## Raw data
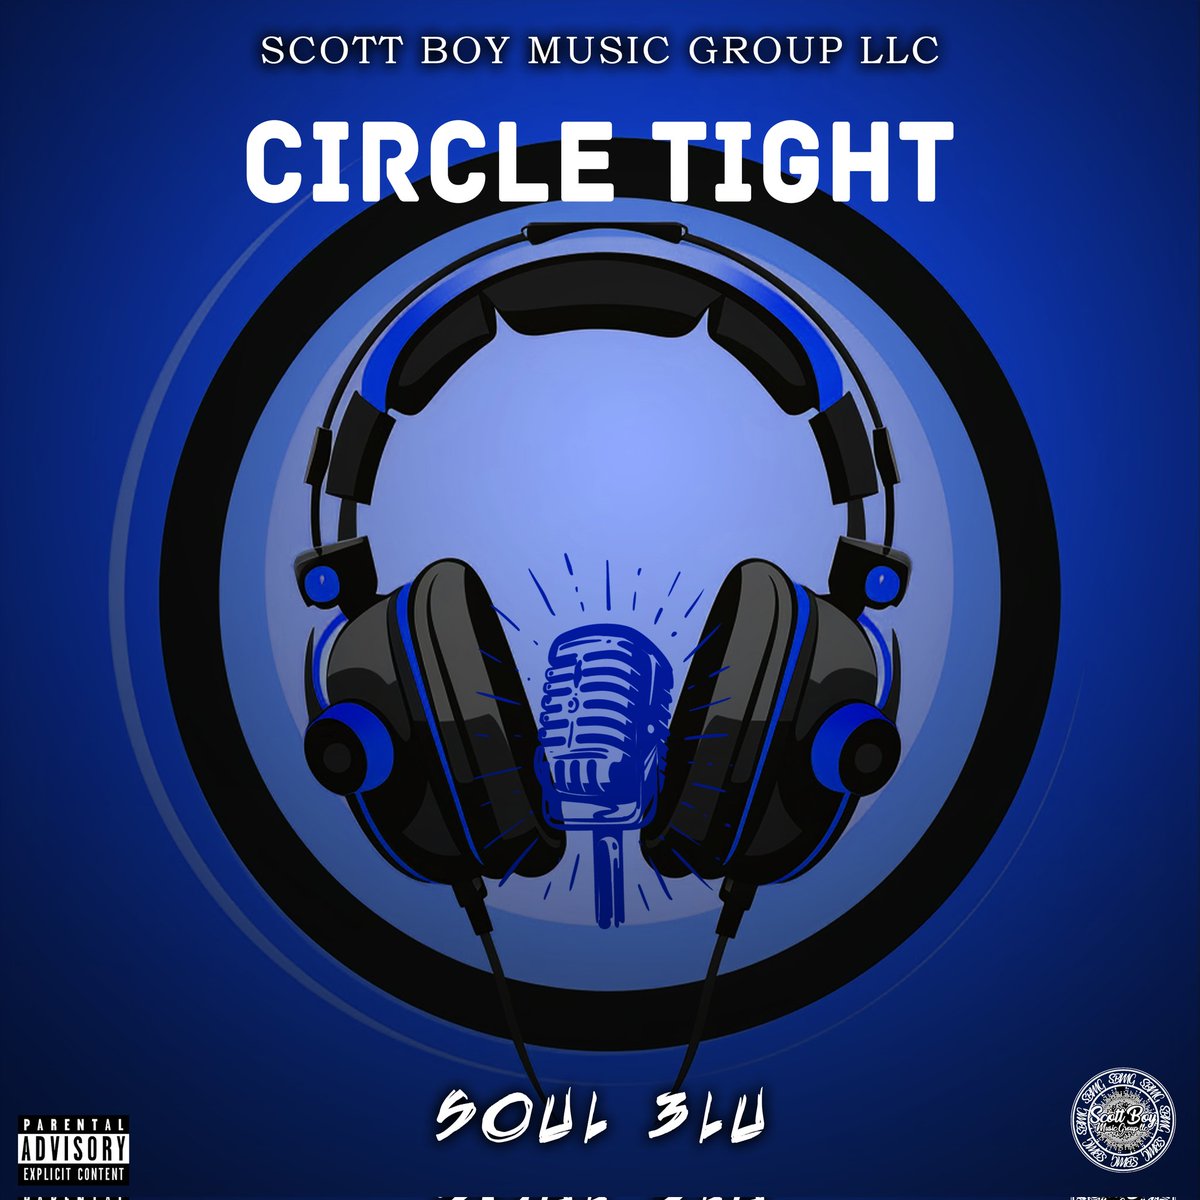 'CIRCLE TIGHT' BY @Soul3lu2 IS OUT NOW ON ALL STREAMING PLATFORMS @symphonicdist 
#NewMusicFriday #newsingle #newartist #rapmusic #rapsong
==
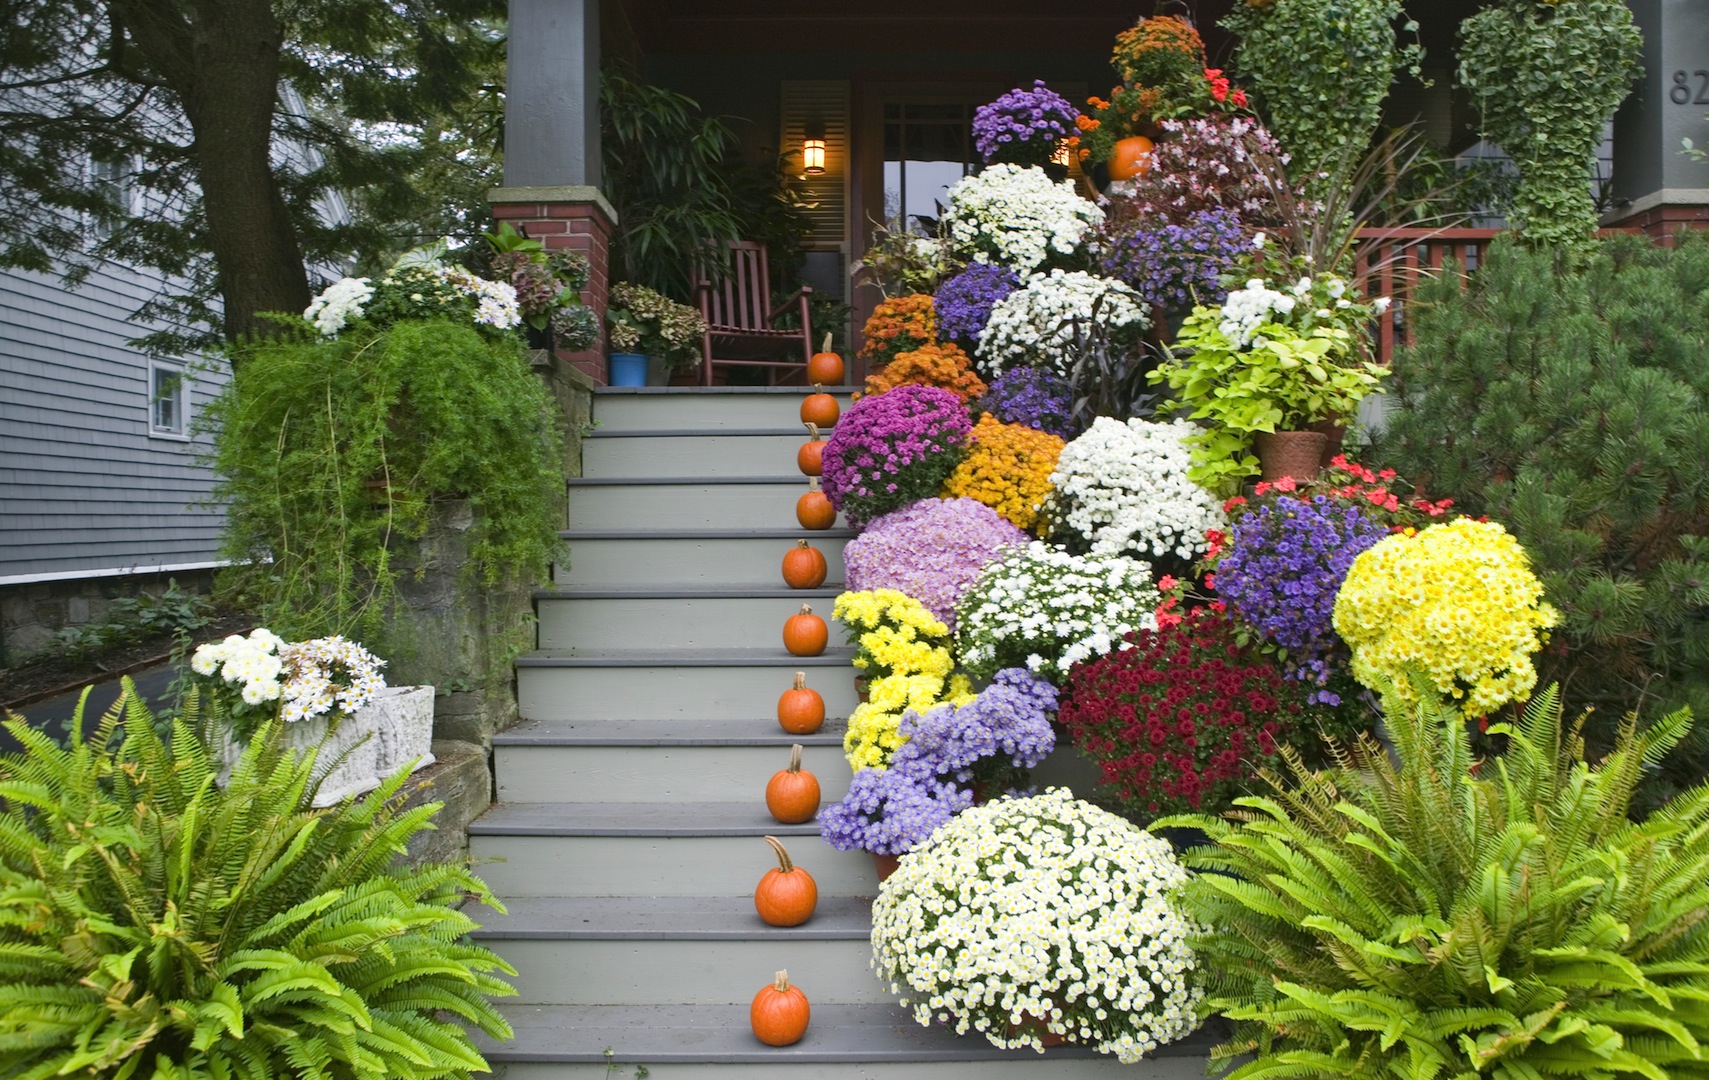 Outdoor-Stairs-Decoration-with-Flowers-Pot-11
* * *
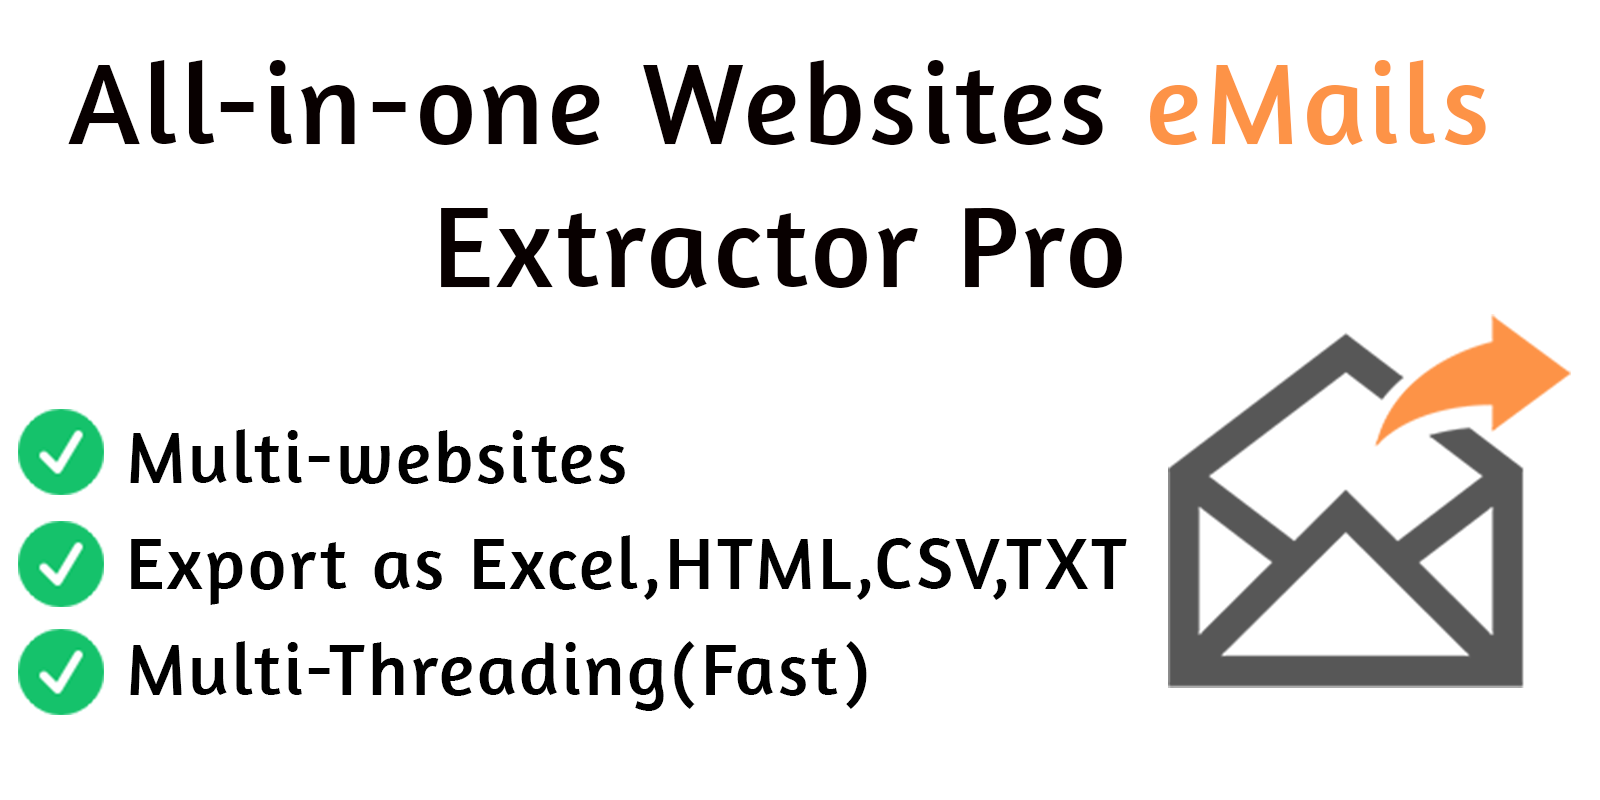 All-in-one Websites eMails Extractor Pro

## Action item
The stretch to restate runs from the line above containing "STREAMING PLATFORMS @symphonicdist" through the line containing "#NewMusicFriday #newsingle #newartist". Copy it word for word, ends included, without pictures.

## Task answer
 'CIRCLE TIGHT' BY @Soul3lu2 IS OUT NOW ON ALL STREAMING PLATFORMS @symphonicdist 
#NewMusicFriday #newsingle #newartist #rapmusic #rapsong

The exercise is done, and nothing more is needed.